D'argent et d'émeraude

121 18 21
                                    

— Celeborn, tu trembles comme une feuille...

Oropher faisait de son mieux pour m'aider à ajuster mes vêtements d'apparat. Il avait remis dans le bon sens la chemise que j'avais mise à l'envers, et m'avait gentiment fait remarquer que j'essayais depuis un quart d'heure d'enfiler la botte gauche à mon pied droit.

— Calmes-toi, mellon nin, murmura-t-il en prenant mes mains dans les siennes, me forçant à le regarder dans les yeux.

Je calquais ma respiration sur la sienne, fixant son visage résolu où fleurissait un sourire. Le ventre noué d'une angoisse indescriptible, je tentais d'y répondre.

— Ça va bien se passer, reprit Oropher d'une voix calme, rassurante.

J'hochais la tête en essayant de toutes mes forces d'y croire.

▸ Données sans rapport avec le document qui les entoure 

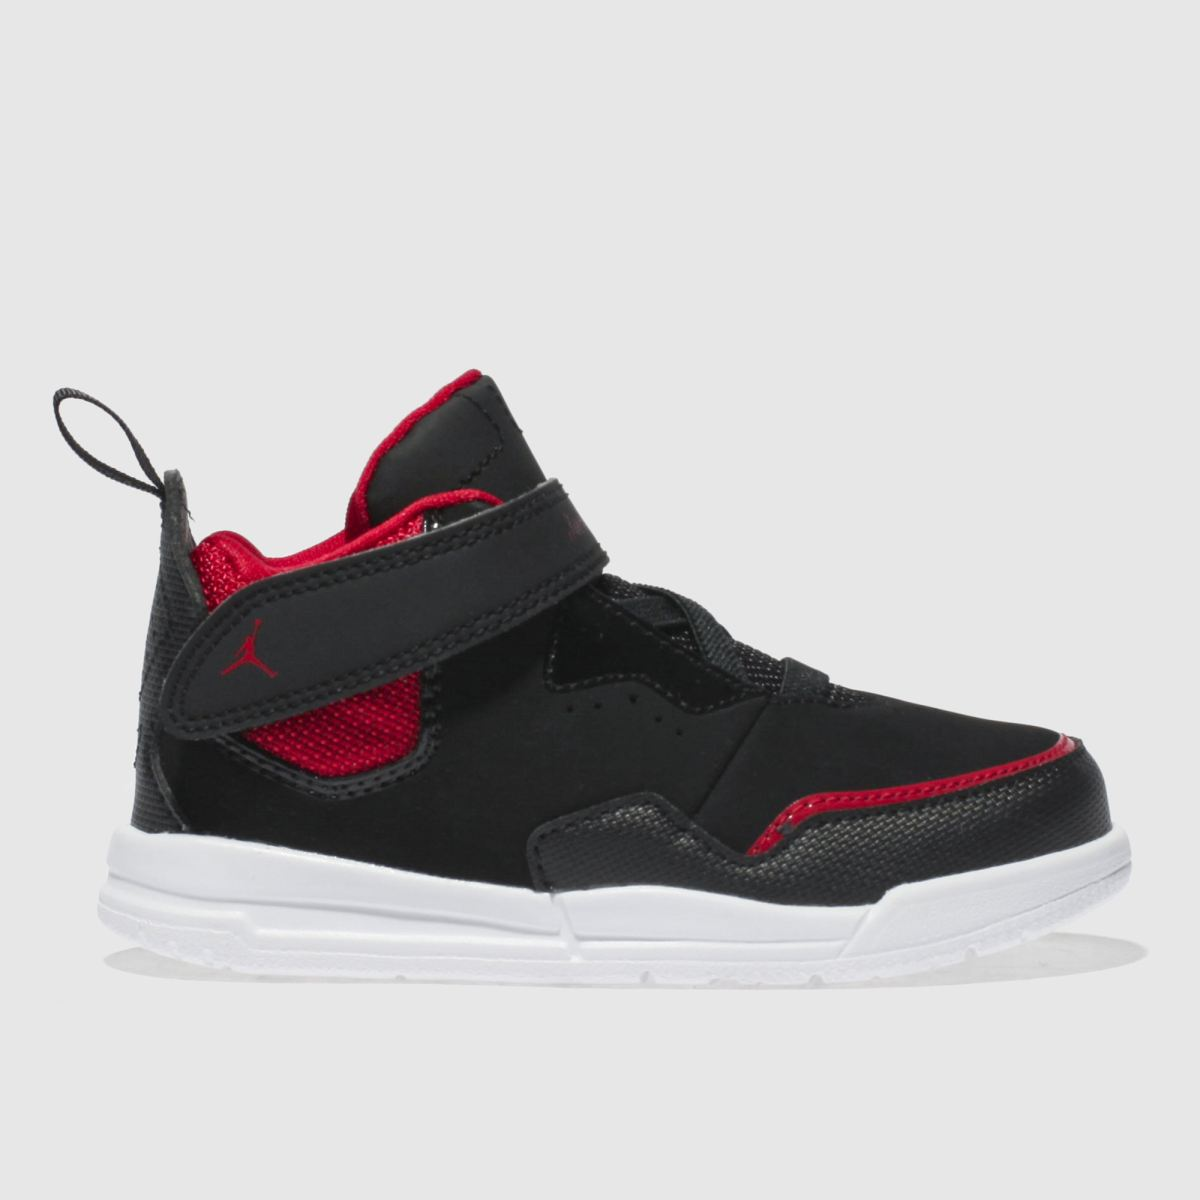 1a186b123cf0 Nike Jordan Black   Red Courtside 23 Trainers Toddler

— Mais si je me rends ridicule ? murmurai-je d'une voix étranglée par ma gorge sèche. Si je ne fais pas les choses comme il faut ? Si au dernier moment, elle refuse ?

— Tu es idiot, me répondit mon ami. Elle t'a donné sa parole et sa main. Elle ne reviendra pas sur sa décision, laique, car elle t'aime...

Ces mots faillirent m'amuser.

— C'est toi qui dis ça ?

Il sourit simplement, avant de me lâcher et d'empoigner une brosse à cheveux abandonnée sur le guéridon.

— Je vais te recoiffer convenablement, tu ne peux pas te présenter devant elle hérissé comme un porc-épic, lança-t-il avec un enjouement presque contagieux.

— Je ne savais pas que tu étais qualifié à ce genre de tâches, articulai-je avec un détachement feint en prenant place dans un fauteuil, les mains crispées sur les accoudoirs.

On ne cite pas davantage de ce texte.